Audit work often shifts by season and location. The BLS notes that longer hours are typical during quarterly audits and tax season, and accountants and auditors may work in offices, from home, or at client sites. Time records need enough context to separate a staff day spent testing controls at a client location from a remote review block on the same engagement.
Start with a client and engagement, then add the work category used in the audit plan. Useful categories include risk assessment procedures, tests of controls, substantive procedures, and other planned procedures. Add the date, person, role or responsibility, billable status, rate in USD if the time feeds billing, and a plain description that a reviewer can read without opening five separate files.
A clean entry reads like this: ABC Manufacturing, 2026 audit, tests of controls, inventory cycle walkthrough, senior auditor, 2.5 hours, billable, March 5, 2026. For team work, separate preparation, fieldwork, review, and client-call time instead of burying the day under one entry. That detail supports engagement budgets, staff utilization, and later questions about who worked on which procedure.
Audit time records do not replace audit documentation, but they should align with it. PCAOB audit documentation must show procedures performed, evidence obtained, conclusions reached, the performer, the reviewer, and the completion and review dates. Time entries that use the same client, engagement, and procedure names reduce mismatches between the staffing record and the workpaper trail during partner review or quality review.
For public-company audits, PCAOB Form AP treats total audit hours as a reporting input. Total audit hours include financial statement audit hours, interim review hours, and internal-control audit hours. Actual hours should be used if available; a documented estimate is allowed only if actual hours are unavailable. Other accounting firms that individually represent 5% or more of total audit hours are reported by name and participation level.

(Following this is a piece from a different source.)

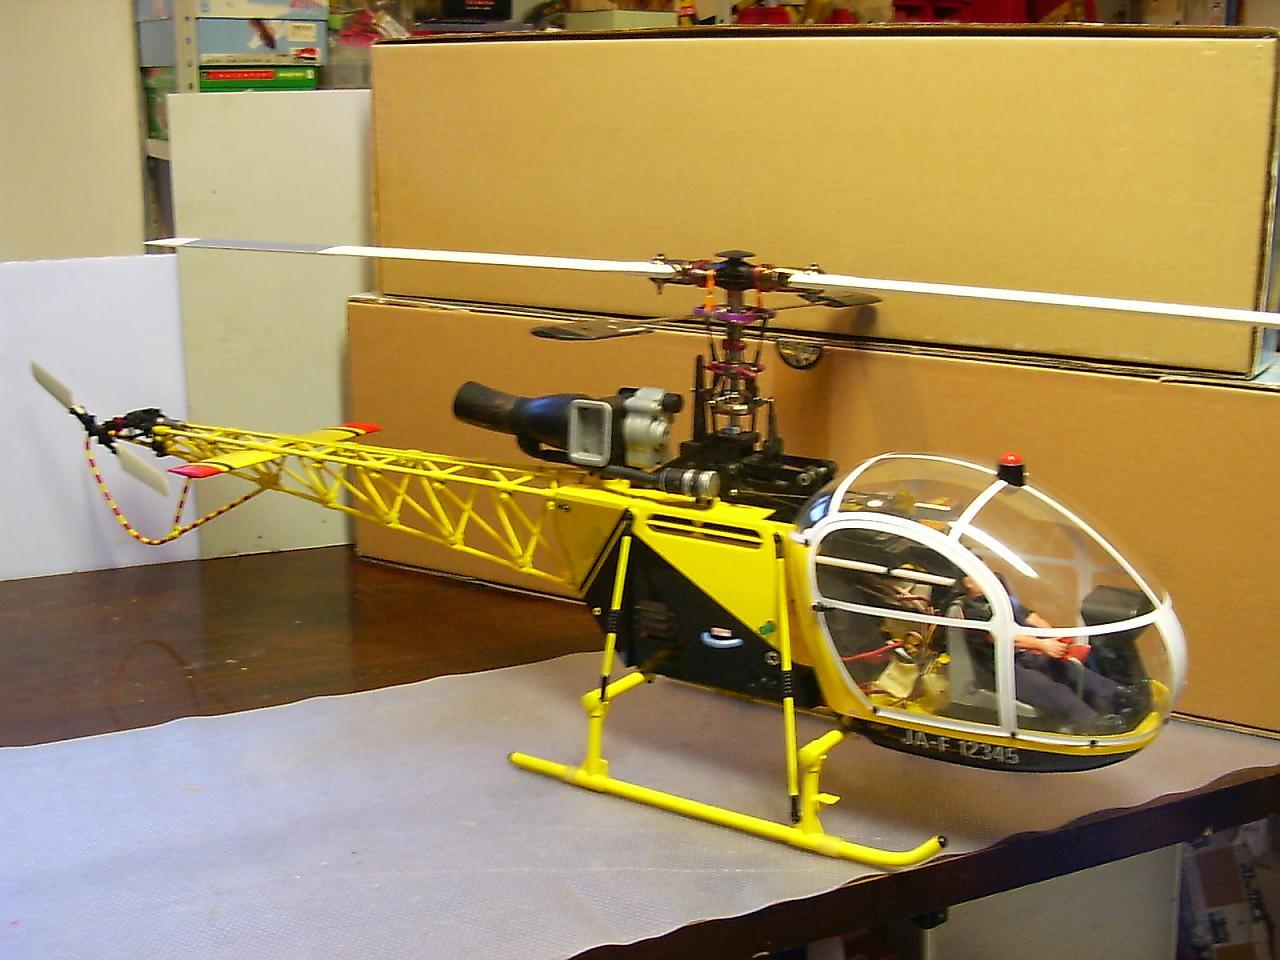 t rex 250 helicopter with 239821 Aerospatiale Sa315b M M Mito Malattia Per Curarla Ci Vuole Il Lama 22 on Index additionally Article6083134 furthermore 261301908711 as well 239821 Aerospatiale Sa315b M M Mito Malattia Per Curarla Ci Vuole Il Lama 22 likewise Showthread.

A one-off weekly tracker works for a solo auditor, a small advisory engagement, or a short internal audit where you only need a clean hours summary. It fails once multiple staff members split work across procedures, work at client sites, and revise entries after review comments. Larger engagements need submitted timesheets, approval status, locked periods, and reports that show hours by client, engagement, procedure, and person.
Everhour fits the managed workflow when audit hours need review before billing, payroll, or engagement reporting. Staff can submit weekly project hours or working hours, and managers can approve, reject, partially approve, and lock submitted time. That workflow creates a controlled handoff from individual entries to the records partners, billing staff, and administrators use.
This content is for general information only, may not be fully up to date, and is provided without any warranty or liability.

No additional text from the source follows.